InnoCare Pharma (Hong Kong Stock Exchange: 09969; Shanghai Stock Exchange: 688428) today announced that abstracts for two clinical studies of its internally developed novel BCL2 inhibitor, mesutoclax (ICP-248), have been published on the American Society of Clinical Oncology (ASCO) website. Among them, the study evaluating mesutoclax in myeloid malignancies has been selected for an oral presentation at this year’s ASCO Annual Meeting, while the study in B-cell malignancies will be presented as a poster.
The following data were just released on the ASCO website; updated results from the oral presentation will be disclosed on June 2, Central Time. The data demonstrate that mesutoclax exhibits outstanding efficacy and safety across various hematologic malignancies.
Oral presentation
Safety, Tolerability, and Efficacy of Mesutoclax (ICP-248) in Combination with Azacitidine in Myeloid Malignancies (Abstract #6506)
The study enrolled patients with myelodysplastic syndromes (MDS) and acute myeloid leukemia (AML). Data indicate that mesutoclax demonstrated favorable safety and efficacy in both MDS and AML treatment.
Among evaluable treatment-naïve MDS patients, the overall response rate (ORR) reached 100% according to the IWG 2006 criteria, with a complete remission rate (CR) of 20% and a marrow complete remission rate (marrow CR) of 80%. Under the IWG 2023 criteria, the composite complete remission rate (composite CR) was 70%, with 30% of patients achieving CR, despite most having received only one cycle of treatment.
Among evaluable treatment-naïve AML patients, the composite complete remission rate (cCR, including CR and CRi) was 85.7%. Of those achieving cCR, 86.7% tested negative for measurable residual disease (MRD) by flow cytometry. According to the 2017 European LeukemiaNet (ELN) classification, the cCR rate in high-risk patients was 75%. The 3-month duration of response (DOR) rate was 91.7%, and the 6-month overall survival (OS) rate reached 94.1%.
In terms of safety, no dose-limiting toxicities (DLTs) or tumor lysis syndrome (TLS) were observed.
Additional study data—including results from patients with relapsed/refractory AML (including those previously treated with and failed BCL2 inhibitors), hematologic recovery status, and data specific to the TP53-mutated population—will be further disclosed following the oral presentation at the ASCO Annual Meeting.
Poster Presentation
Efficacy and Safety of Mesutoclax (ICP-248) in Combination with Orelabrutinib in B-cell Malignancies: A Pooled Analysis (Abstract #7073)
The study enrolled patients with relapsed/refractory mantle cell lymphoma (MCL), relapsed/refractory marginal zone lymphoma (MZL), and treatment-naïve chronic lymphocytic leukemia/small lymphocytic lymphoma (CLL/SLL). Data show that the combination of mesutoclax and orelabrutinib demonstrated strong efficacy and safety across these B-cell malignancies, offering a promising new chemotherapy-free, all-oral regimen for patients with B-cell non-Hodgkin lymphomas.

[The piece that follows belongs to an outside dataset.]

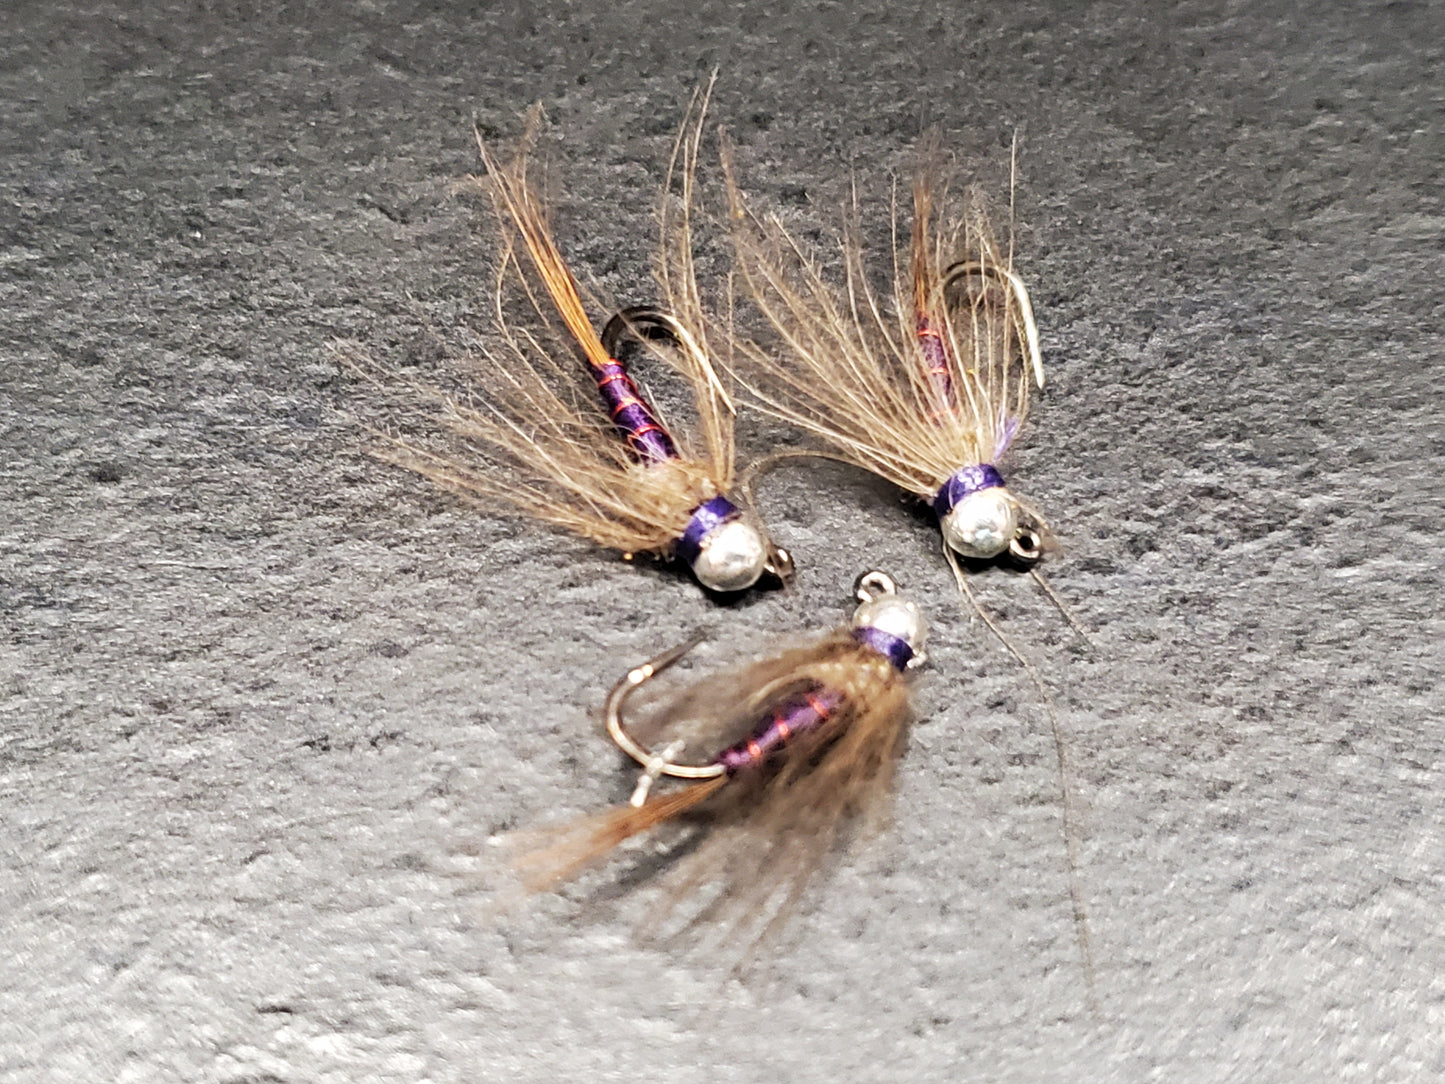 39 Tungsten Bead Trout Jigs, Jig Fly Selection, Trout Jigs, Tungsten Nymph

All treatment groups achieved a 100% overall response rate (ORR) and high complete response rates (CRR). Deep responses were observed in all patients receiving mesutoclax 125 mg in combination with orelabrutinib.
Among MCL and MZL patients who completed at least one efficacy assessment, the complete response rates (CRR) were 100% and 50%, respectively. The rate of undetectable minimal residual disease (uMRD) in peripheral blood (PB) was 38.5%.
In the treatment-naïve CLL/SLL cohort, 76.2% of patients had intermediate or high-risk TLS, and 14.3% harbored TP53 mutations or 17p deletion. Among CLL/SLL patients treated with mesutoclax 125 mg, the complete response rate (CRR) was 38.1%, and the peripheral blood undetectable minimal residual disease (uMRD) rate at week 36 reached 65%. The 12-month progression-free survival (PFS) rate for CLL/SLL patients was 100%.
The mesutoclax plus orelabrutinib regimen demonstrated favorable safety and tolerability across all treatment groups. No treatment-emergent adverse events (TEAEs) leading to discontinuation or death were reported, and no cases of tumor lysis syndrome (TLS) occurred.
Note:
1. The IWG criteria refer to the International Working Group criteria for response in myelodysplastic syndromes.
2. CRi refers to complete remission with incomplete hematologic recovery.